2018-12-13 10:24:04,373 [38550] ERROR    myapp: something wrong

If your terminal supports writing text in colors, the line will be printed in red since it's an error. The format provided by daiquiri is better than Python's default: this one includes a timestamp, the process ID, Β the criticality level and the logger's name. Needless to say that this format can also be customized.

Passing Contextual Information

Logging strings are boring. Most of the time, engineers end up writing code such as:

logger.error("Something wrong happened with %s when writing data at %d", myobject.myfield, myobject.mynumber")

The issue with this approach is that you have to think about each field that you want to log about your object, and to make sure that they are inserted correctly in your sentence. If you forget an essential field to describe your object and the problem, you're screwed.

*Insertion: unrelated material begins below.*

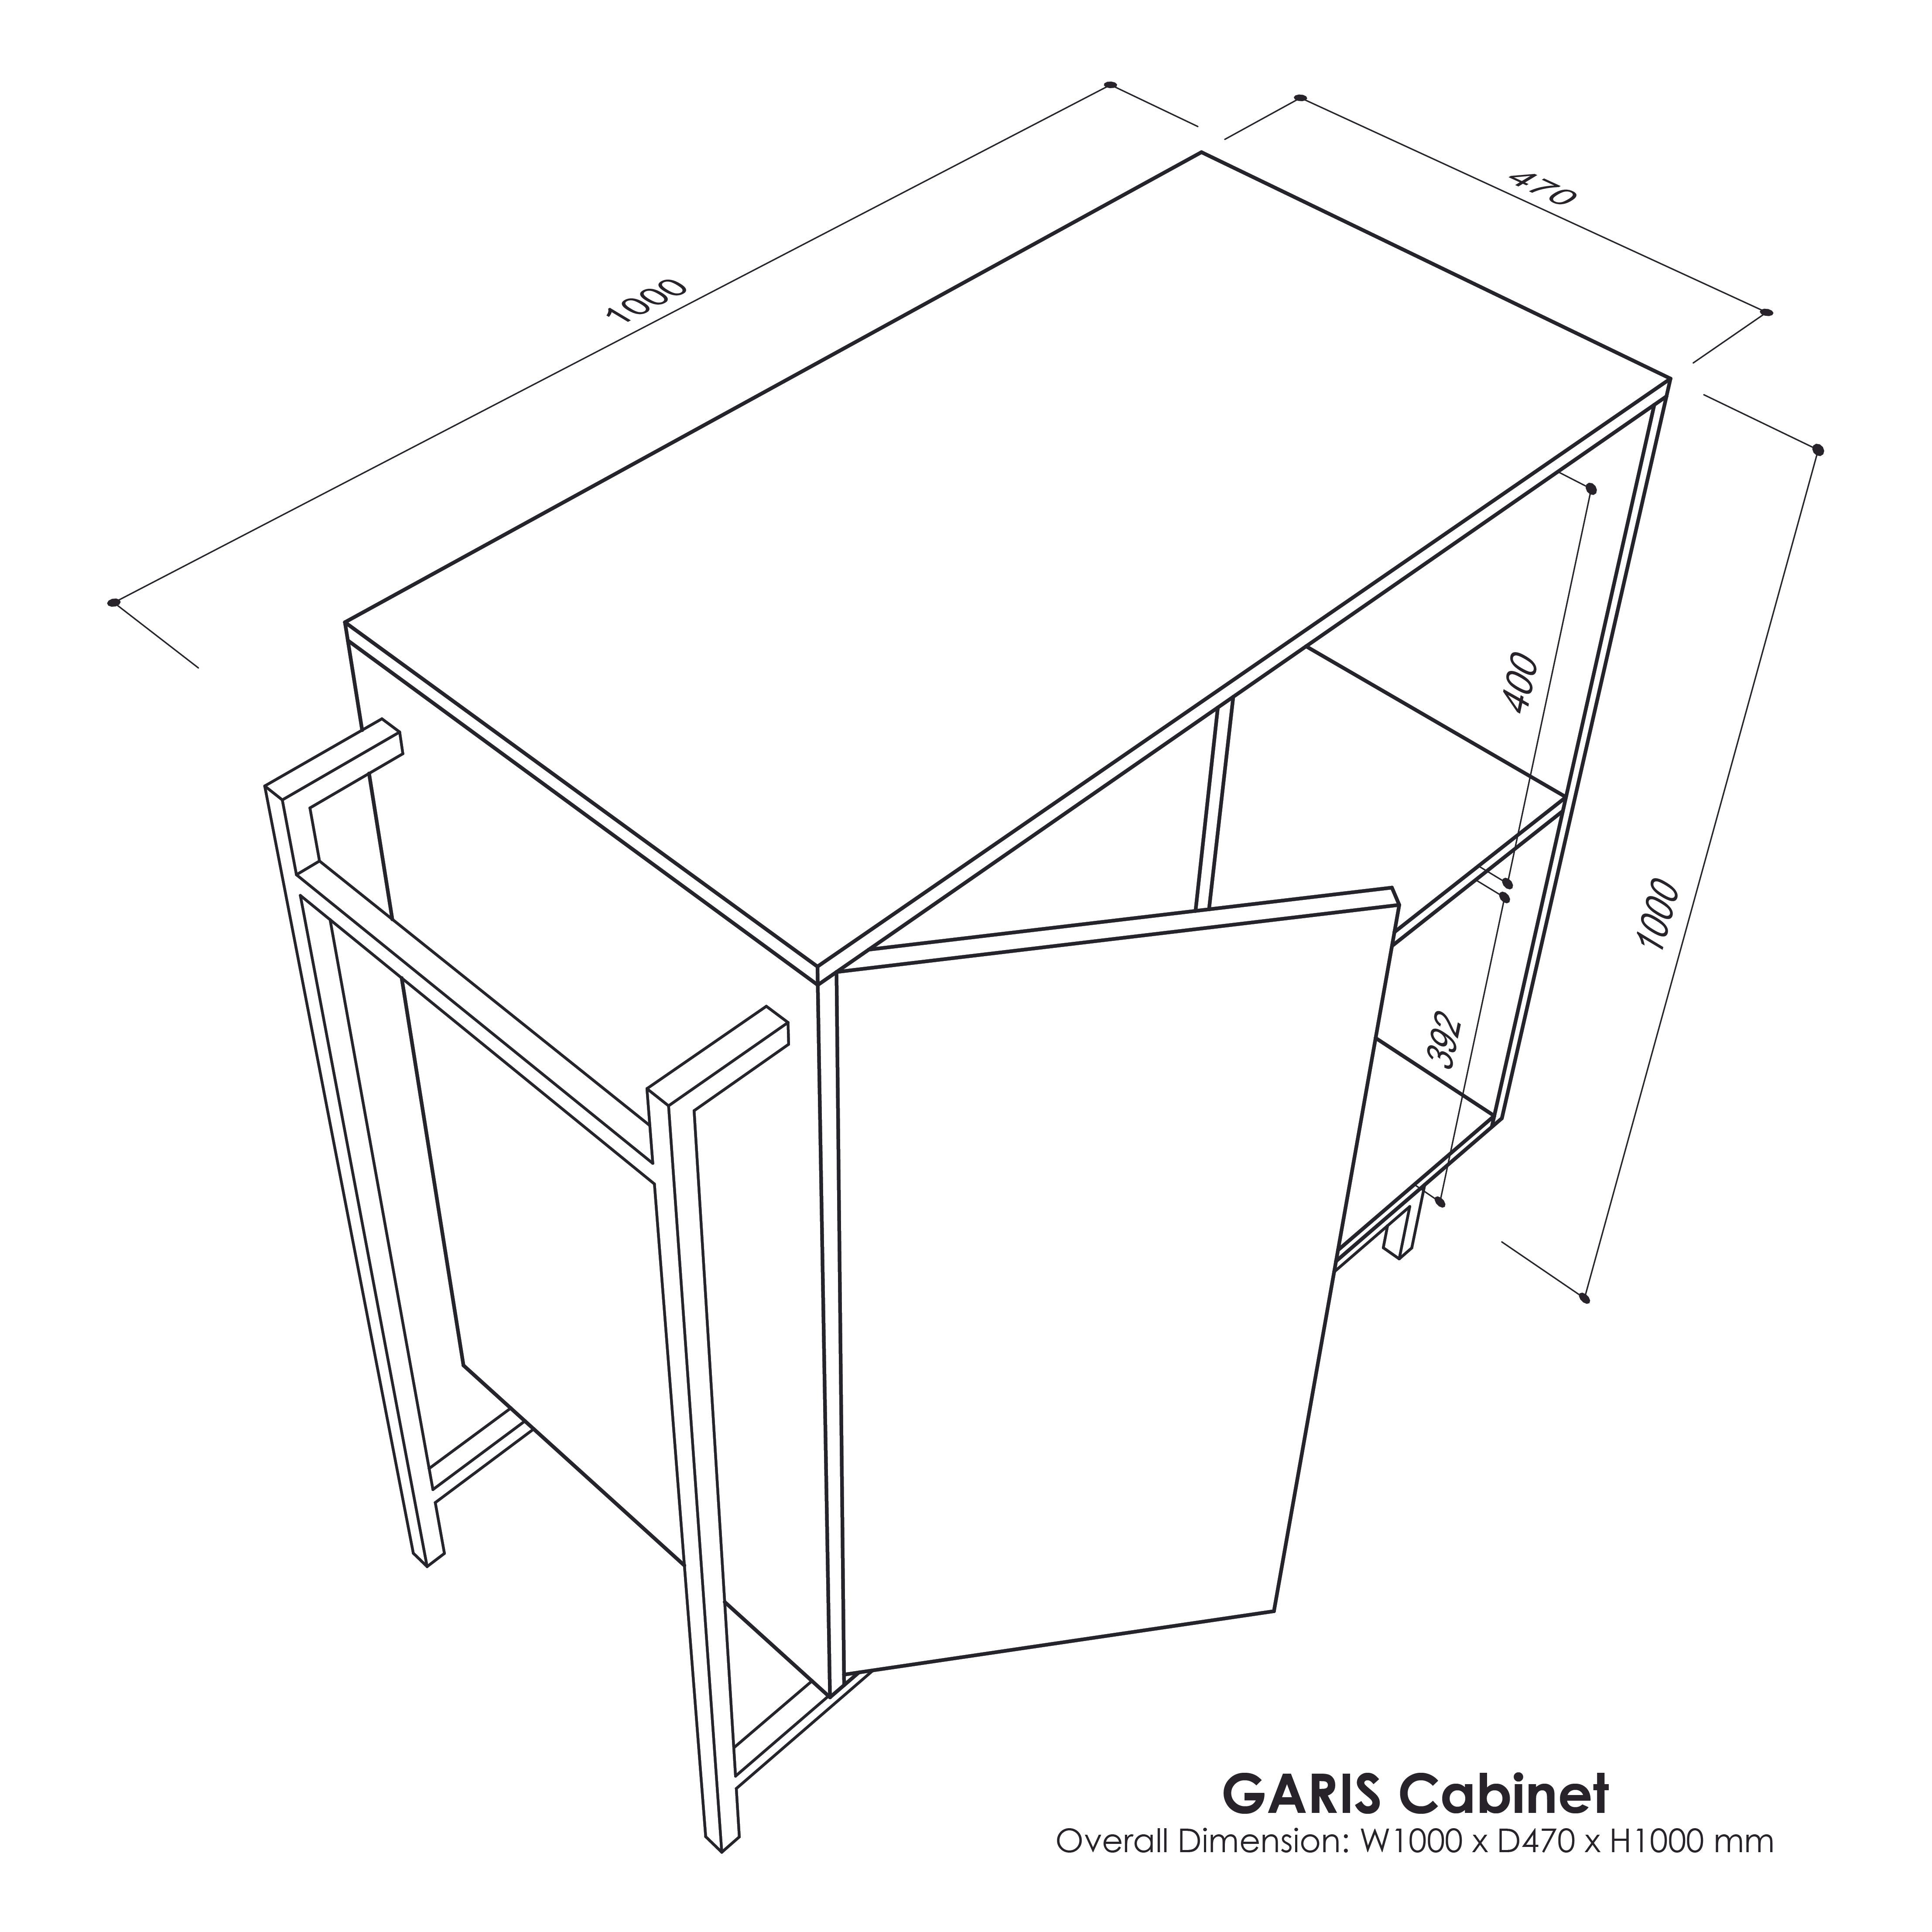 GARIS Cabinet V2.0 Exhibit Sales at Seremban 2 Offline Store

A reliable alternative to this manual crafting of log strings is to pass interesting objects as keyword arguments. Daiquiri supports it, and it works that way:

import attr
import daiquiri
import requests


daiquiri.setup()
logger = daiquiri.getLogger("myapp")


@attr.s
class Request:
     url = attr.ib()
     status_code = attr.ib(init=False, default=None)
     
     def get(self):
         r = requests.get(self.url)
         self.status_code = r.status_code
         r.raise_for_status()
         return r


user = "jd"
req = Request("https://google.com/not-this-page")
try:
    req.get()
except Exception:
    logger.error("Something wrong happened during the request",
                 request=req, user=user)

If anything goes wrong with the request, it will be logged with the stack trace, like this:

2018-12-14 10:37:24,586 [43644] ERROR    myapp [request: Request(url='https://google.com/not-this-page', status_code=404)] [user: jd]: Something wrong happened during the request

As you can see, the call to logger.error is pretty straight-forward: a line that explains what's wrong, and then the different interesting objects are passed as keyword arguments.

Daiquiri logs those keyword arguments with a default format of [key: value] that is included as a prefix to the log string. The value is printed using its __format__ method β€” that's why I'm using the attr module here: it automatically generates this method for me and includes all fields by default. You can also customize daiquiri to use any other format.

Following those guidelines should be a perfect start for logging correctly with Python!